Speaking to Reetkamal Kaur from Y4S, she talks about the state of the youth in her homeland, Punjab as the Y4S chants slogans of azadi in the background.
“I am from Jalandhar, I am an MPhil scholar and I don’t have a job. It’s sad but I am here to fight for the younger generation, so that they don’t have to struggle the way I do. We are here to fight together. We want our voices to be heard.”

“This march was inspired by the Kisan Mukti march which took place in Nasik and Mumbai and then spread to other parts of the country…It was pretty easy for the BJP to win the Madhya Pradesh elections, they needed to incite another communal agenda..(sic) it was pretty easy to propagate that kind of communal agenda..(sic) but when farmers march, no political party has the right or the audacity to ignore it and that is the inspiration behind this march as well ki (sic) we know that the 2019 elections is around the corner and we know that every single political party will march towards Ayodhya. At that time, we as students feel is our responsibility to bring them back, hold them by their collars and ask, ‘where is (sic) the 2 crore jobs that you promised?’ ‘what kind of alternative (sic) are you offering to the youth by telling them to sell pakoras on the street?’ We are here to stand against bhagwakaran (saffronisation), we are here to stand with the teachers who are abused daily by the system. We are here to stand with the yuva (youth), kisan ( farmers) and the masses of the country whose issues aren’t treated like real issues.”
Hope finds its way into Abhigyan’s resistance, “We certainly hope that the government does something.
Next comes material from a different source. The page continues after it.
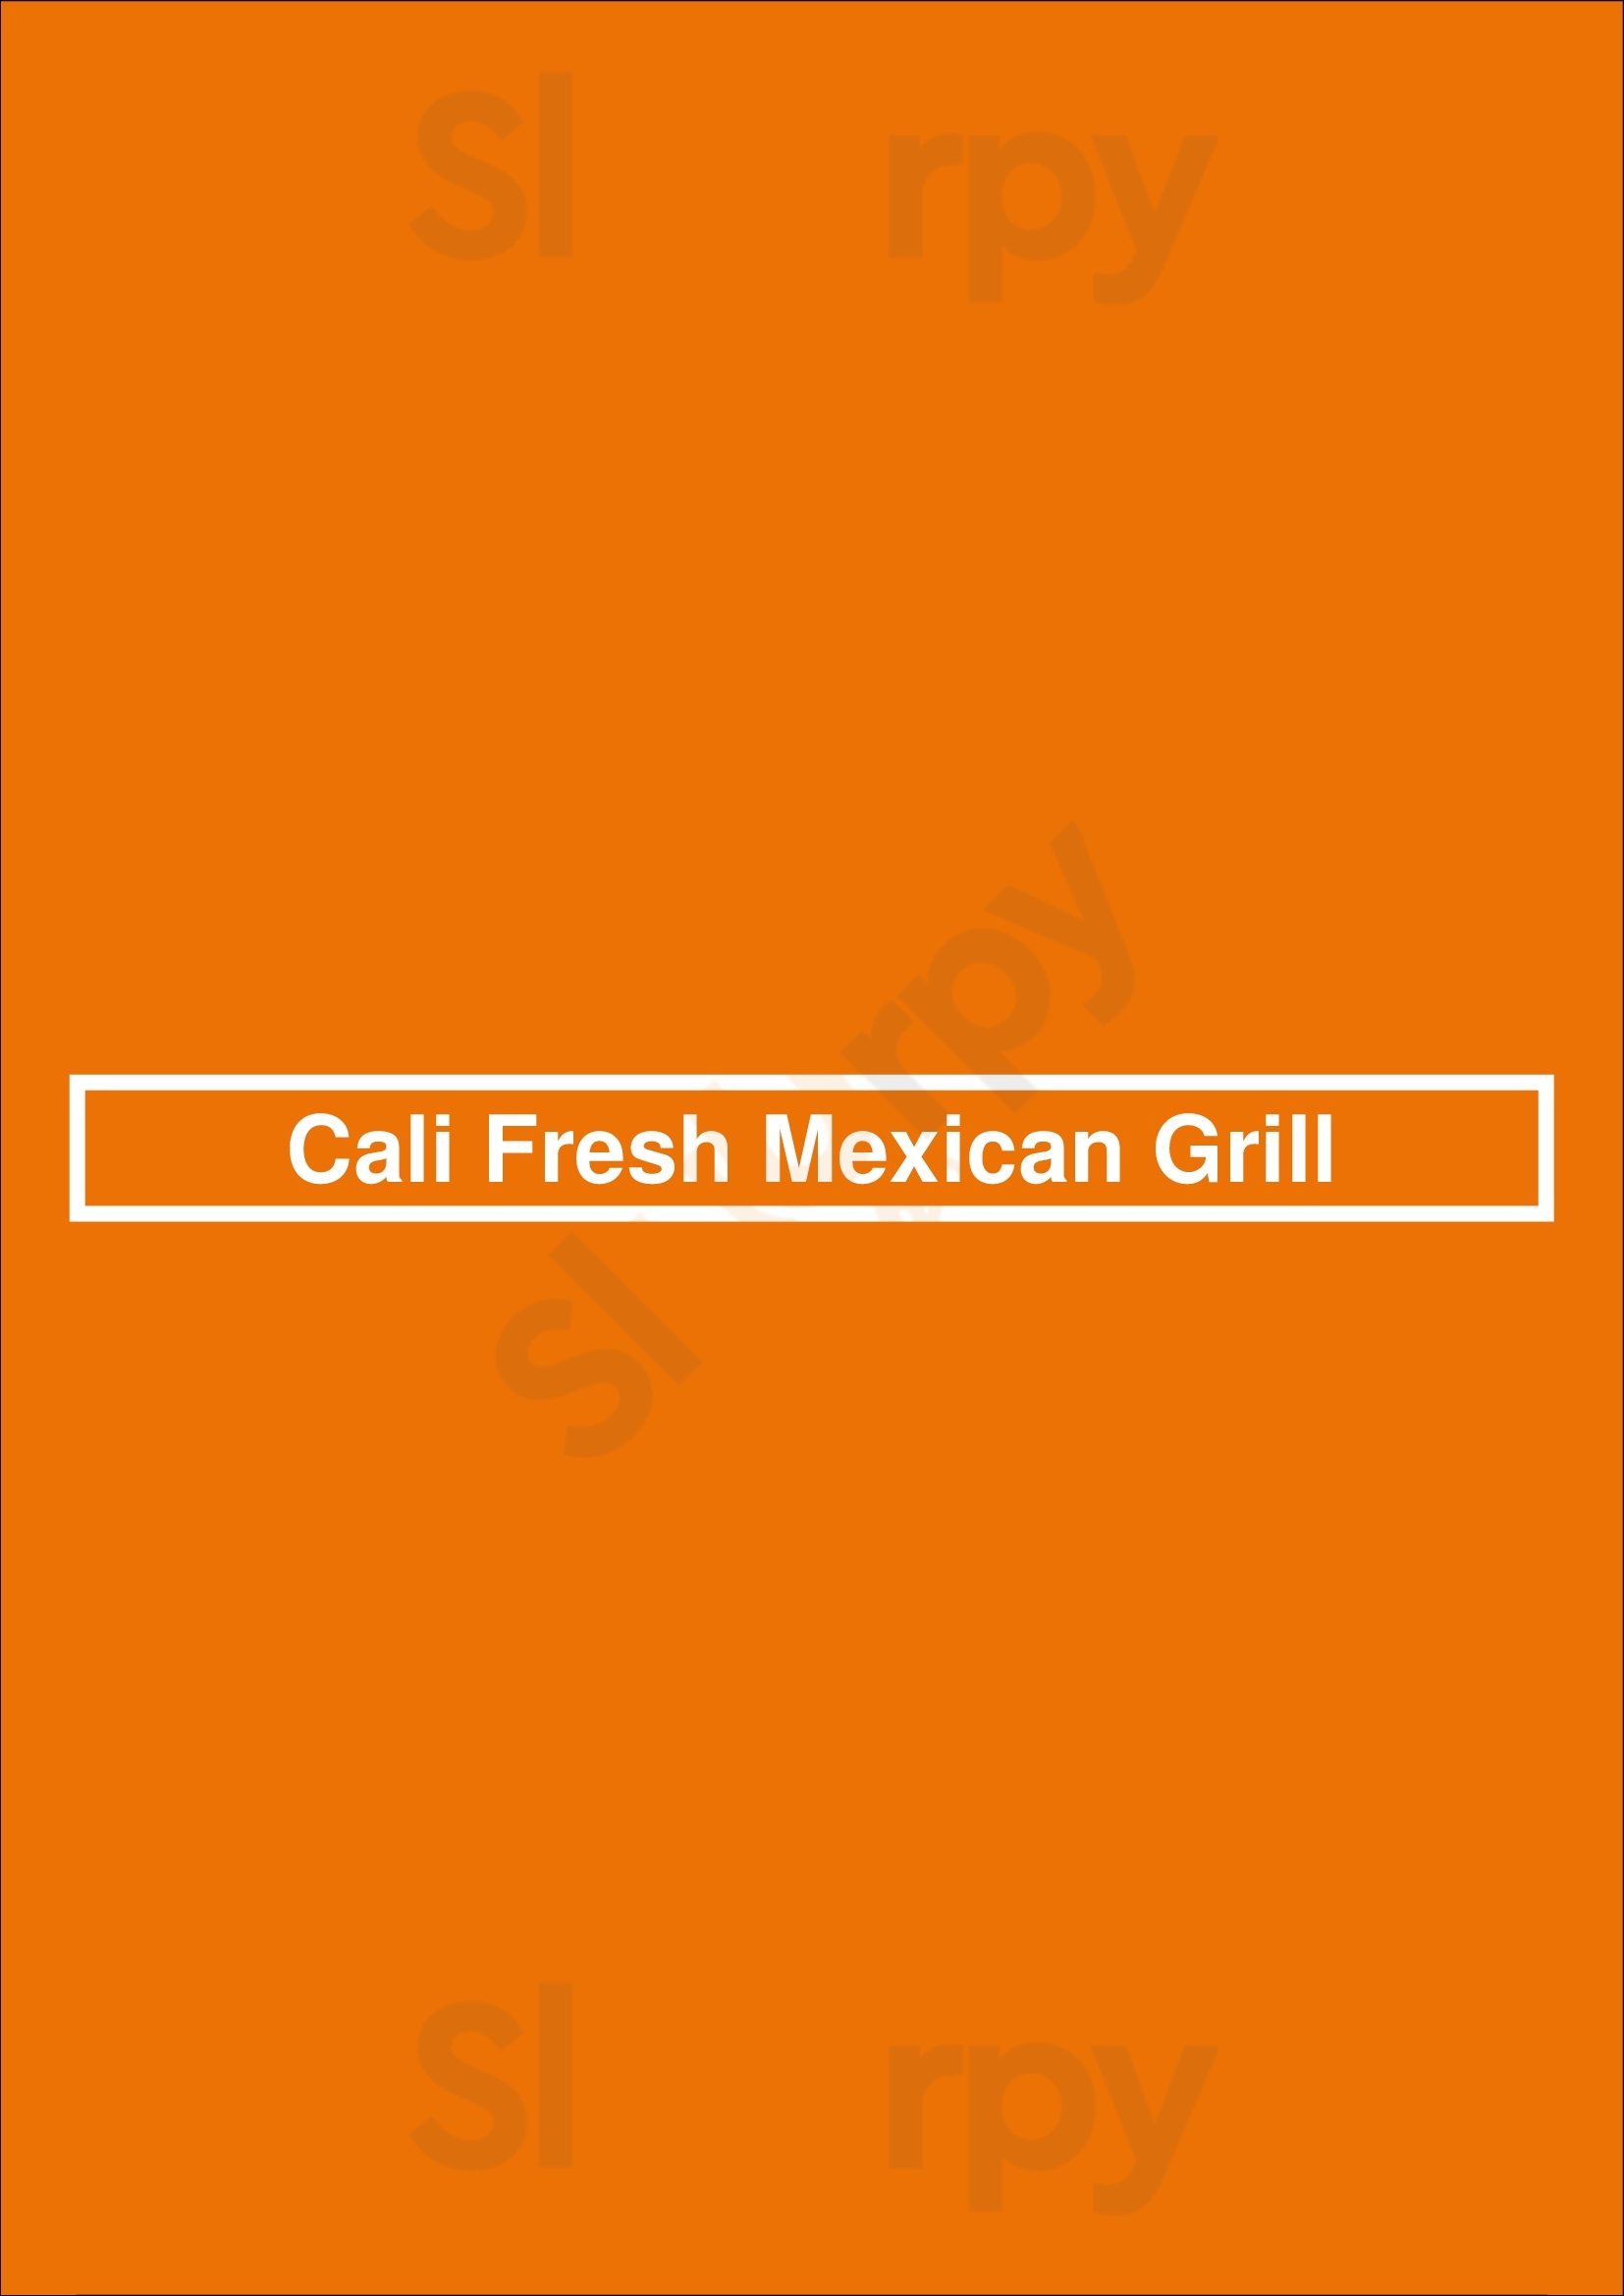 Cali Fresh Mexican Grill Los Angeles Menu - 1

This march was supported all over the country by prominent figures like Arundhati Roy and Kunal Kamra. One march alone cannot change the shape of our politics, it’s not about one day and a few thousand people marching…it is about continuously challenging the fascist agenda that currently surrounds the country and threatens the very civilization of the country. (sic)”

The common resistance to the Modi government was echoed with protests by the Dilli Nirman Mazdoor Sangathan and All India SSB Volunteer Association. Their songs of resistance echo the same demand, to be heard, to be recognised, to get justice, to find azadi.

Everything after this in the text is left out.